Otra revisión sistemática y meta-análisis(3) publicado en 2008 establece de igual forma que no hay datos disponibles que demuestren la superioridad del tratamiento médico (profilaxis antibiótica) ó quirúrgico comparado con la observación y tratamiento precoz de las infecciones de orina, que sería también otra opción de tratamiento en el manejo del RVU primario en el niño. Respecto a la efectividad de los distintos antibióticos llega a la misma conclusión respecto a nitrofurantoína y trimetoprim.
Respecto a la utilización en concreto de TMP/SMZ como agente profiláctico, localizamos un ECA multicéntrico(4) de publicación posterior a los documentos previos en el cual se aleatorizó a una muestra de 576 niños menores de 18 años (edad media de 14 meses), que habían tenido una o más ITUs probadas microbiológicamente, a recibir profilaxis antibiótica con una dosis diaria de TMP/SMZ en suspensión (2 mg de trimetoprim más 10 mg de sulfametoxazol/kg peso corporal) o placebo durante 12 meses. De estos niños el 42% tenía un RVU conocido (al menos de grado III en el 53% de estos pacientes. Durante el estudio, se desarrolló una ITU en 36 de los 288 pacientes (13%) del grupo que recibió TMP/SMZ y en 55 de los 288 pacientes (19%) del grupo placebo. En el grupo de profilaxis antibiótica, la reducción del riesgo absoluto de la infección del tracto urinario (6 puntos porcentuales)se mostró consistente en todos los subgrupos de pacientes. En base a estos datos los autores concluyen que dosis bajas de TMP/SMZ se asocian a una disminución del número de ITUs en niños predispuestos.

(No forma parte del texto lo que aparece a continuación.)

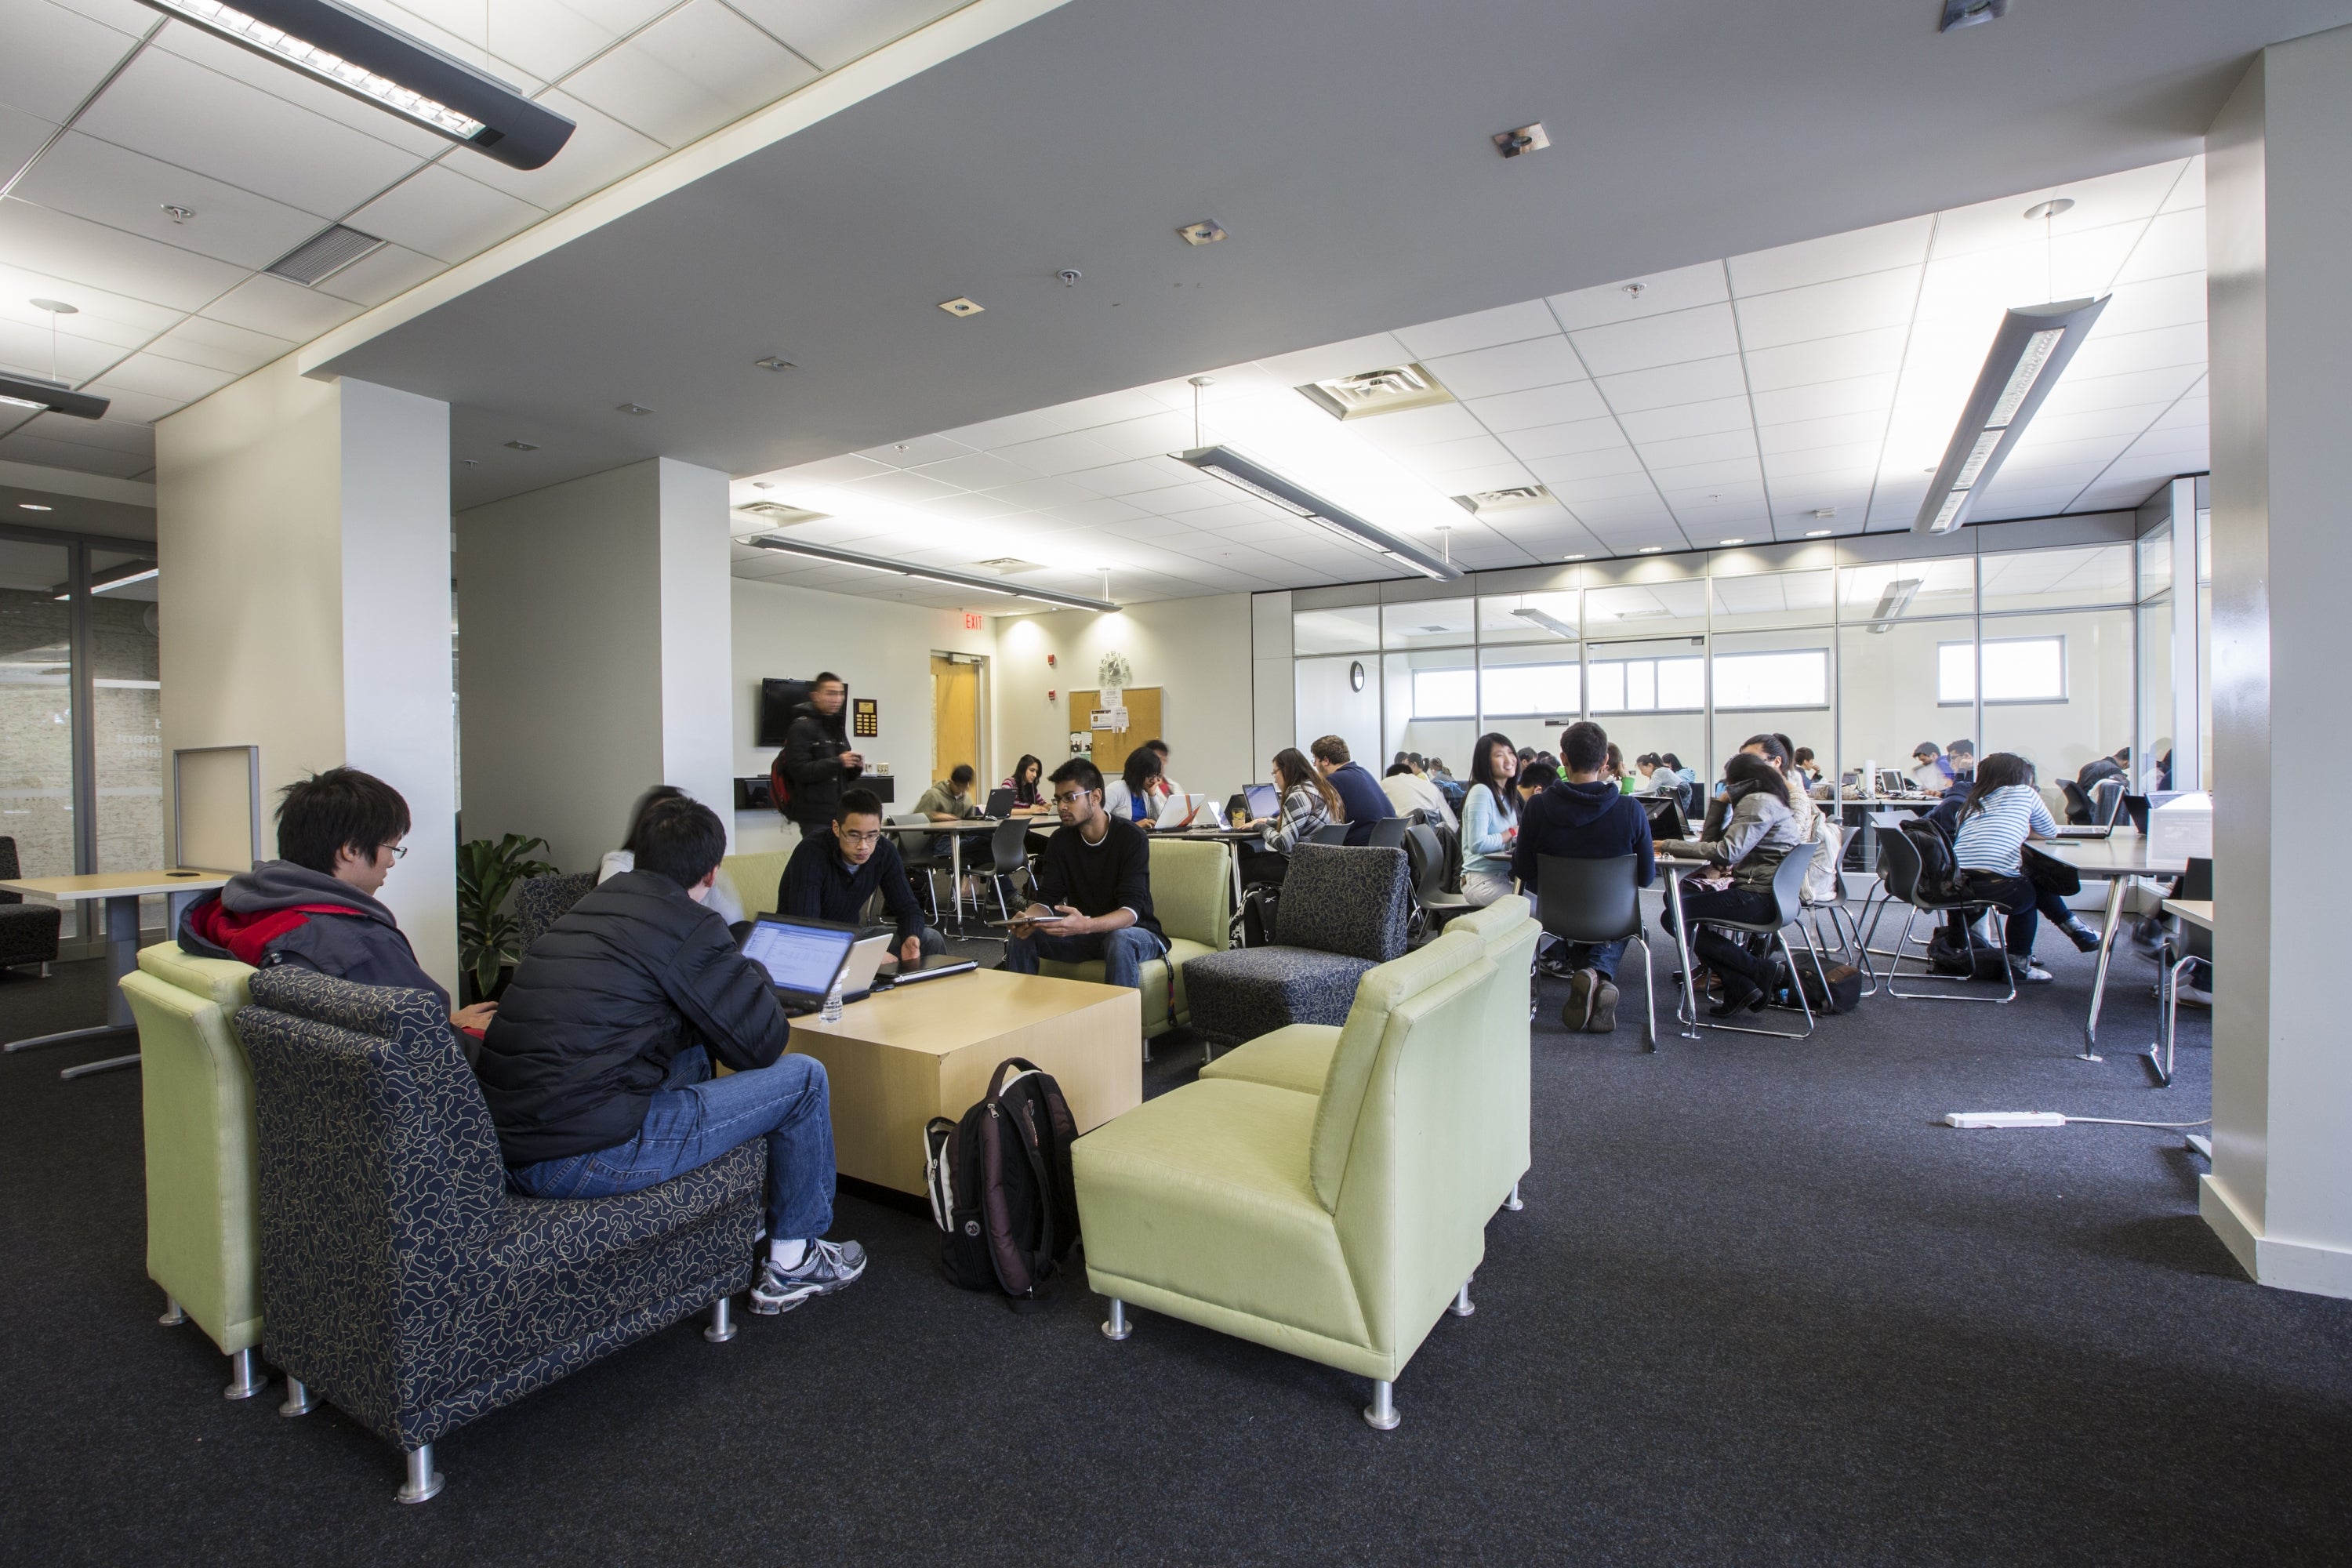 Open concept, the CPA Student Lounge is equipped with comfy chairs, tables, and quiety study areas.

Hay además en marcha otro ECA multicéntrico(5) que pretende evaluar la efectividad de TMP/SMZ para prevenir la recurrencia de ITU y el daño renal en niños de 2 a 72 meses con RVU de grado I a IV después de la primera o segunda infección urinaria sintomática. Un total de 600 niños se han aleatorizado a recibir profilaxis con una dosis diaria de TMP/SMZ o placebo durante 2 años. En este estudio se plantea tener en cuenta la presencia de disfunción miccional como factor de confusión o modificador del efecto de los antibióticos profilácticos sobre la recurrencia de las ITUs y el daño renal.